To thrive in the post pandemic era, developers must re-imagine and embrace a combination of innovation, better GPM and EBIT, solid cost management, focus on technology, aspiring for sustainability ratings, people centric programs and leveraging on brand power while pursuing scalability. These are critical variables that developers must integrate in their business model in 2021. Organizations are at a crossroads—they either innovate or they die.

Human-centric business model

Fundamentally, the sector is about building four walls, selling, re-selling or renting them. But the lockdown in March changed the way we regard our homes, as well as our behavior—on how we work, live, play and shop. Moving ahead, we can expect a dramatic shift towards a human centric developmental model. The key is to engage buyers and occupiers, deep dive into their expectations, and anticipate future homebuyer needs.

Industry stakeholders believe that real estate activities are back, and that in two to three quarters, the pendulum will swing back to positive territory.

Strategy for breakfast, innovation for lunch, transformation for dinner

Balancing productivity and making sure the workforce is safe are important. While we are still in a pandemic mode, developers must now direct their attention towards people policies and the desire to change a culture of complacency. Performance management systems, strategies, work tools will never stand a chance against a bad culture.

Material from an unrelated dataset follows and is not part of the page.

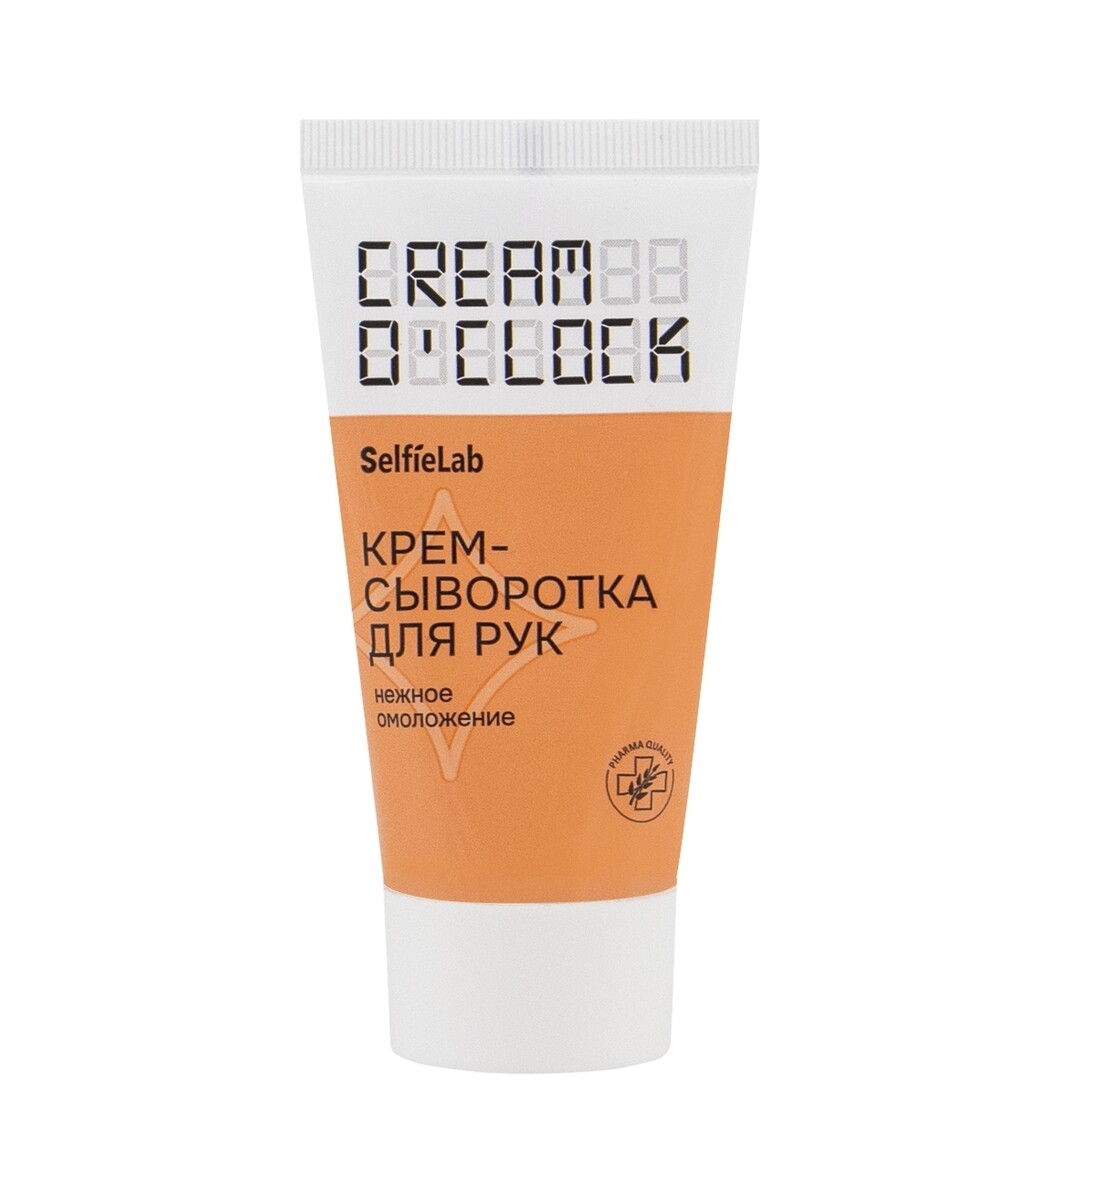 Cream o'clock крем-сыворотка для рук,туба 50мл d68h jewelry ultrasonic cleaning machine gold and silver copper jewelry glasses clock dental decontamination degreasing cleaning

Now is the best time to invest in people and organizational culture building while the property market is slowly recovering. A bad culture is a giant strategy and innovation killer. The key takeaway in transforming a culture of mediocrity to productivity and excellence is investing in the right people with a shared vision.

Proactive government

The mindset that the state as a mere regulator must change. It must transform and be attuned to the expectations of a battered global economy. In advanced economies, the role of government is changing and expanding. Authentic collaboration will be key between the public, housing agencies and developer associations. It is time for our housing leaders to walk their talk.

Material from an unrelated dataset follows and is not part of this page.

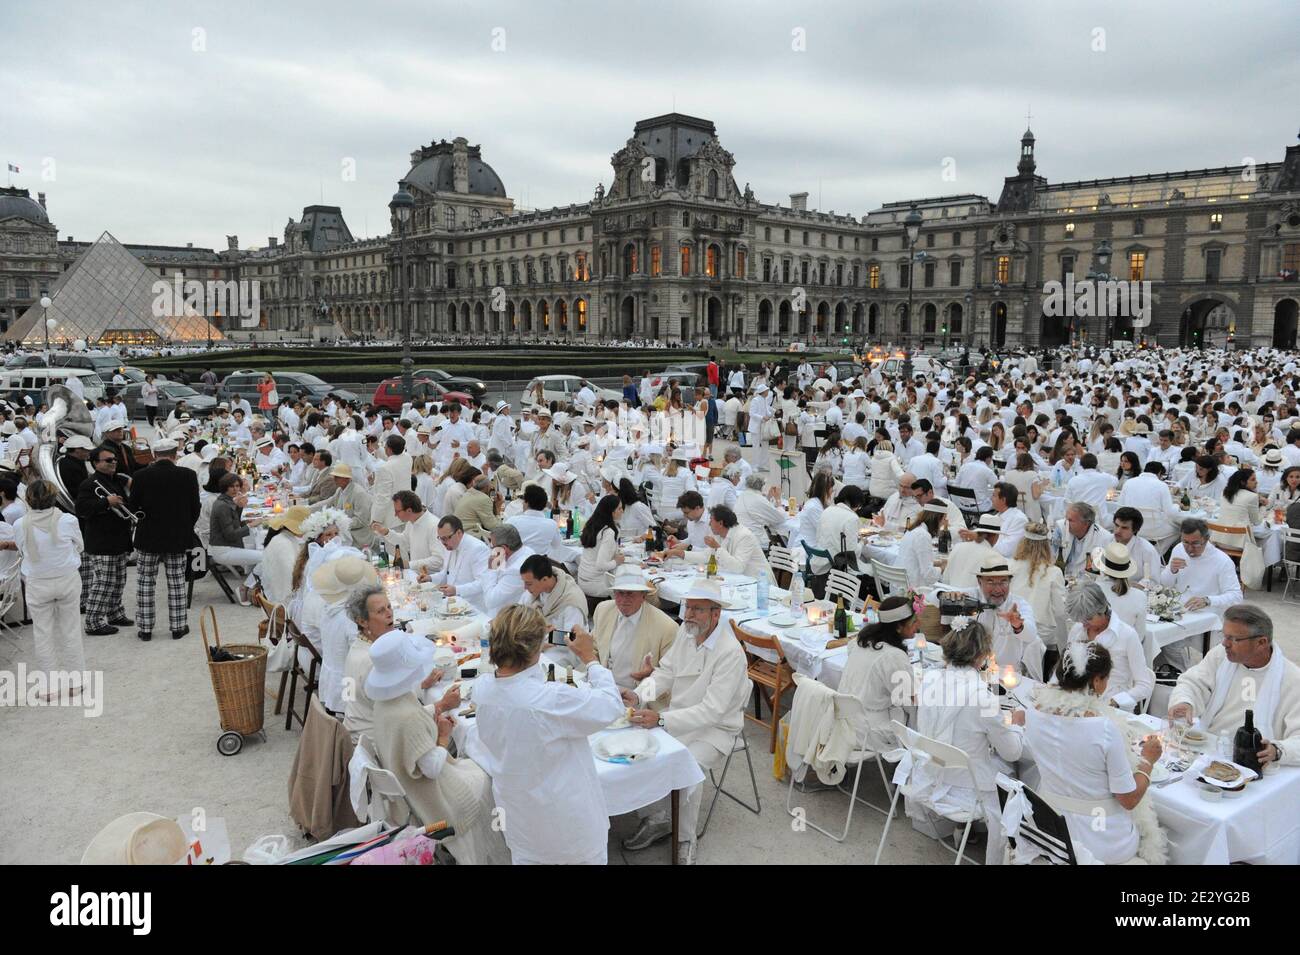 Participants take part in a big open air 'white dinner' between the Louvre  museum and the Jardin des Tuileries in Paris, on June 17, 2010. Hundreds of  people descend on one area

AN ERA OF FLEXIBILITY, CHANGE

Fred Rara
KMC Savills

We definitely saw the importance of flexibility in business.

Organizations are quickly pivoting to new directions in anticipation of the new normal—even when it is against the regular flow of the market. In the retail sector, we have seen shopping malls trying to cope by either changing their tenant mix or adopting an omni-channel approach.

Flexible and asset-light operations aren’t new business concepts, but the pandemic clearly reminded us how the landscape is constantly and quickly changing.

Recovery triggers

We would want to see improvements in the health situation to assure a resilient and lasting economic recovery. In addition, we should also look at the recovery of advanced economies in North America and Europe to see how business process outsourcing (BPO) revenues and overseas Filipino workers’ remittances will fare in 2021.

It is hard to say how real estate will perform next year, but the economic backdrop in the coming quarters will define its growth in the years to come.

Logistics requirements fueled by e-commerce activity is likely to perform well. Horizontal residential developments are also a good bet if we see more permanent work-from-home arrangements. On office tenants, BPOs in the healthcare industry are meanwhile expected to expand during this time.

Given our current state and the rate of our health response, we may expect deeper and more permanent structural changes in the market such as work-from-home arrangements, telecommuting, shorter workweeks, among others. If the pandemic changes our behavior in occupying or using space, we should expect this to ripple through the real estate market.

In this scenario, the numbers may not be pretty in the coming quarters, but it will be an era of change for all economic stakeholders. Those who are flexible and quick to pivot will be the biggest winners in this era.